** Assigned task **
Only one stretch of the material below is wanted: everything from the line containing "Spain golf courses" down to the line containing "Kim Seybert Luxury", both ends included. Repeat it exactly and skip the pictures.

── Data shown

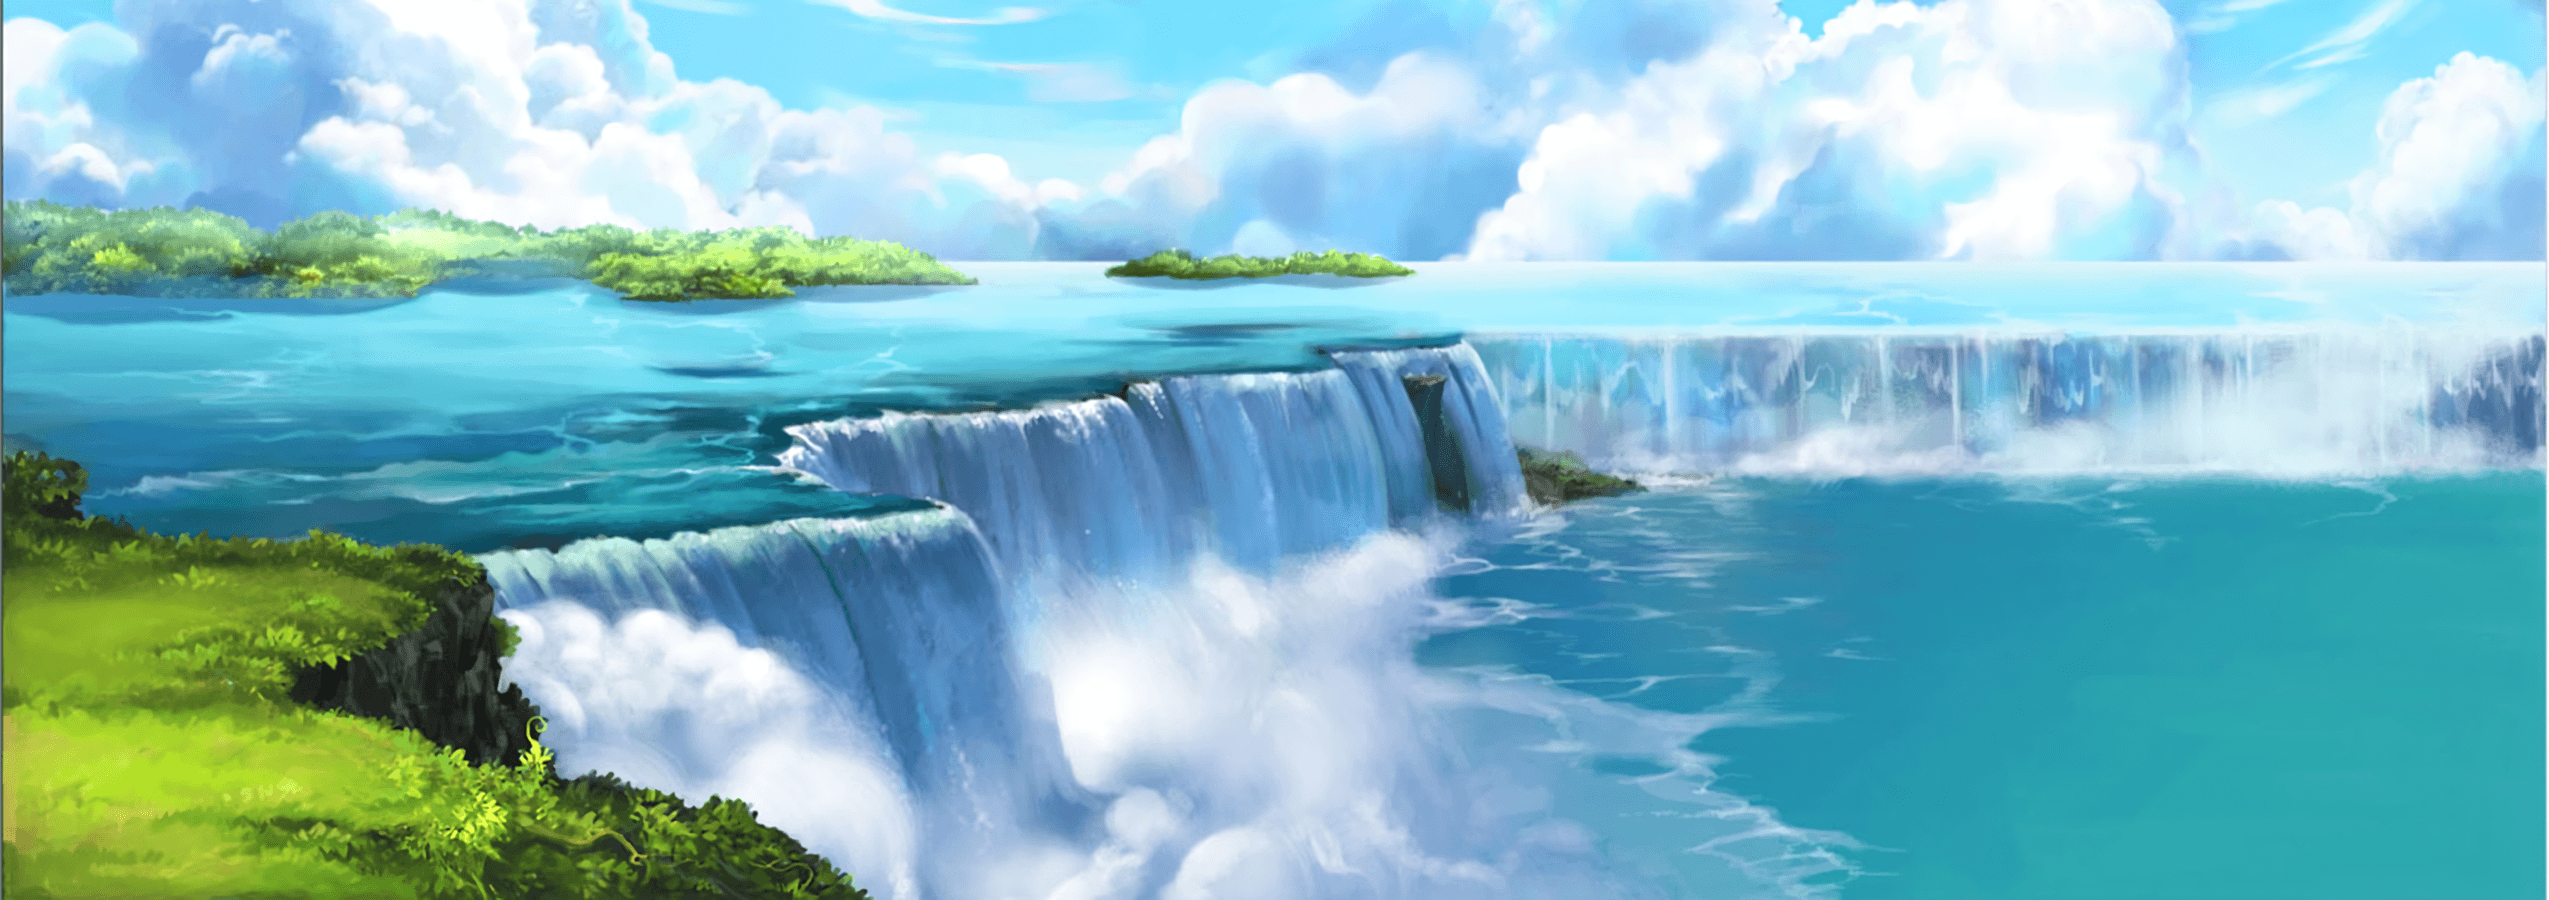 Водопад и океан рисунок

────
── Data shown

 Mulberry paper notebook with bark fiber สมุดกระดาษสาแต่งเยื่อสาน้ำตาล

────
── Data shown

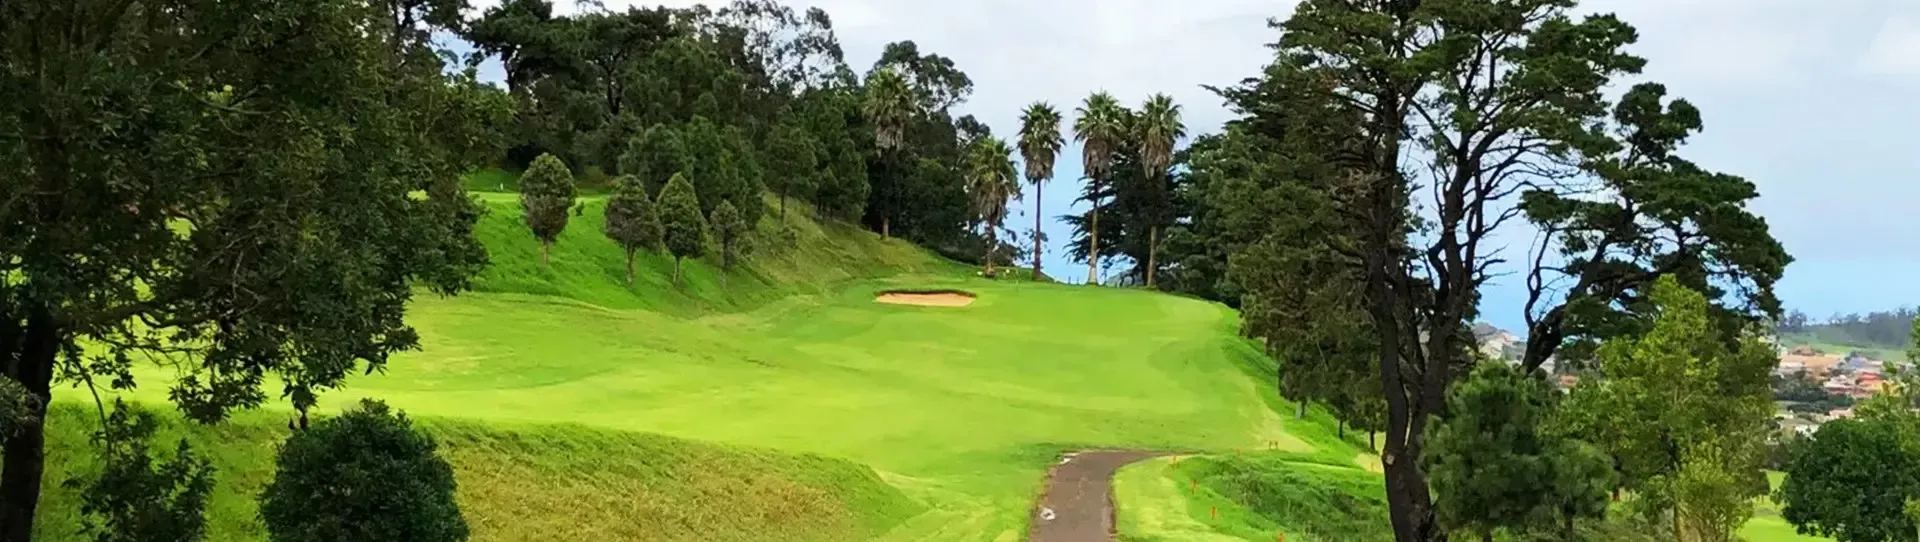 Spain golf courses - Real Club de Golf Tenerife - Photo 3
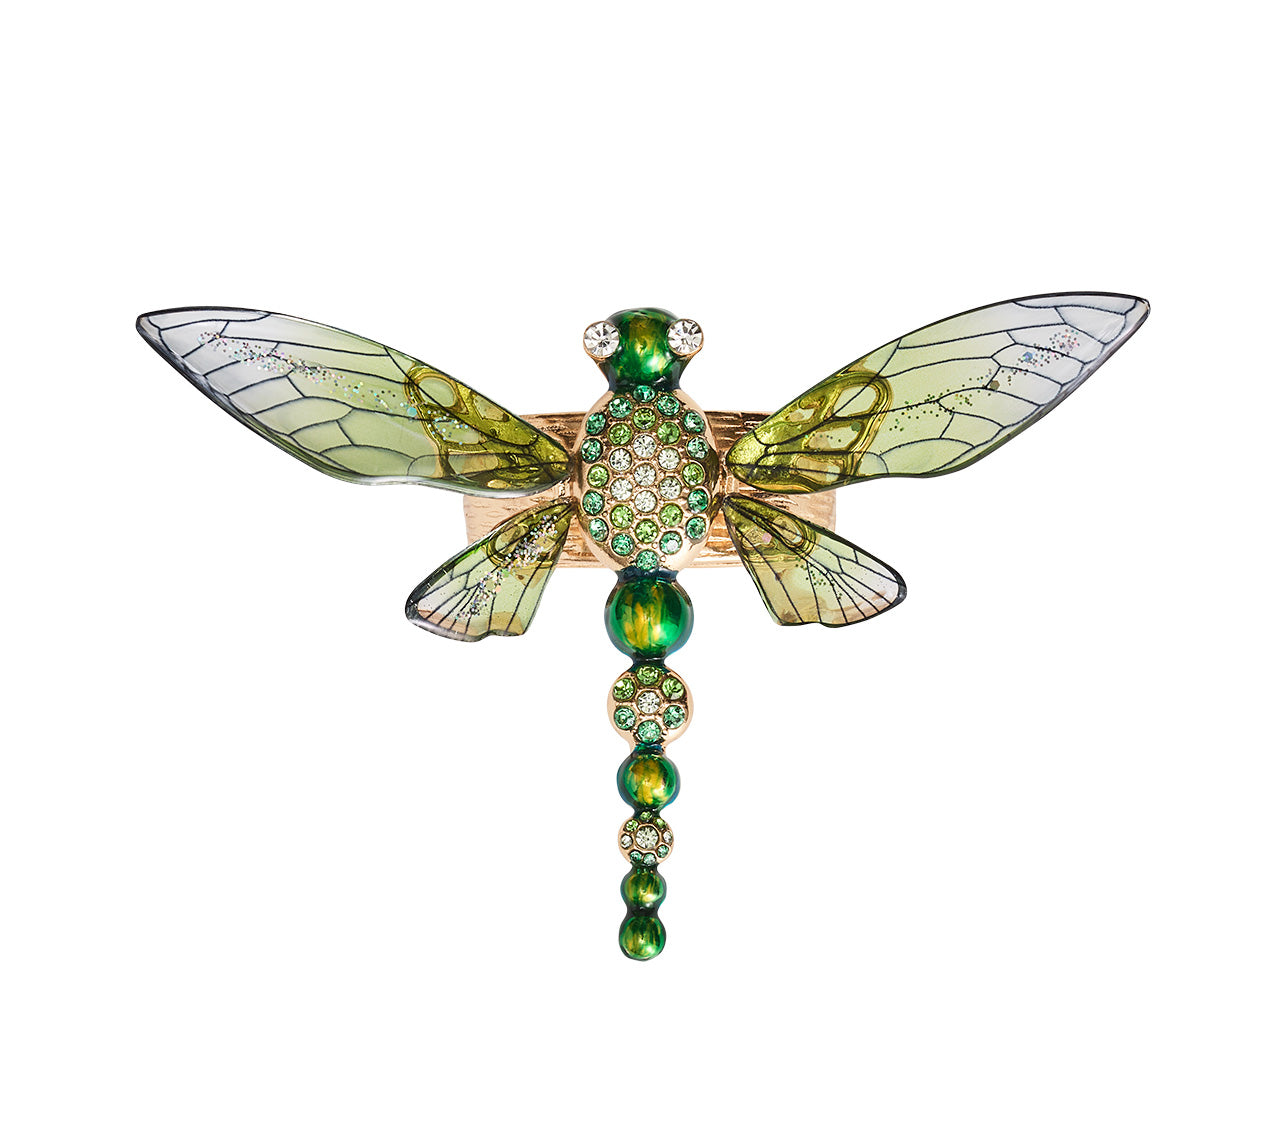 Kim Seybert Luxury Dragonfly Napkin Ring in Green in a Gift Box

────

** Written reply **
 Spain golf courses - Real Club de Golf Tenerife - Photo 3
 Kim Seybert Luxury Dragonfly Napkin Ring in Green in a Gift Box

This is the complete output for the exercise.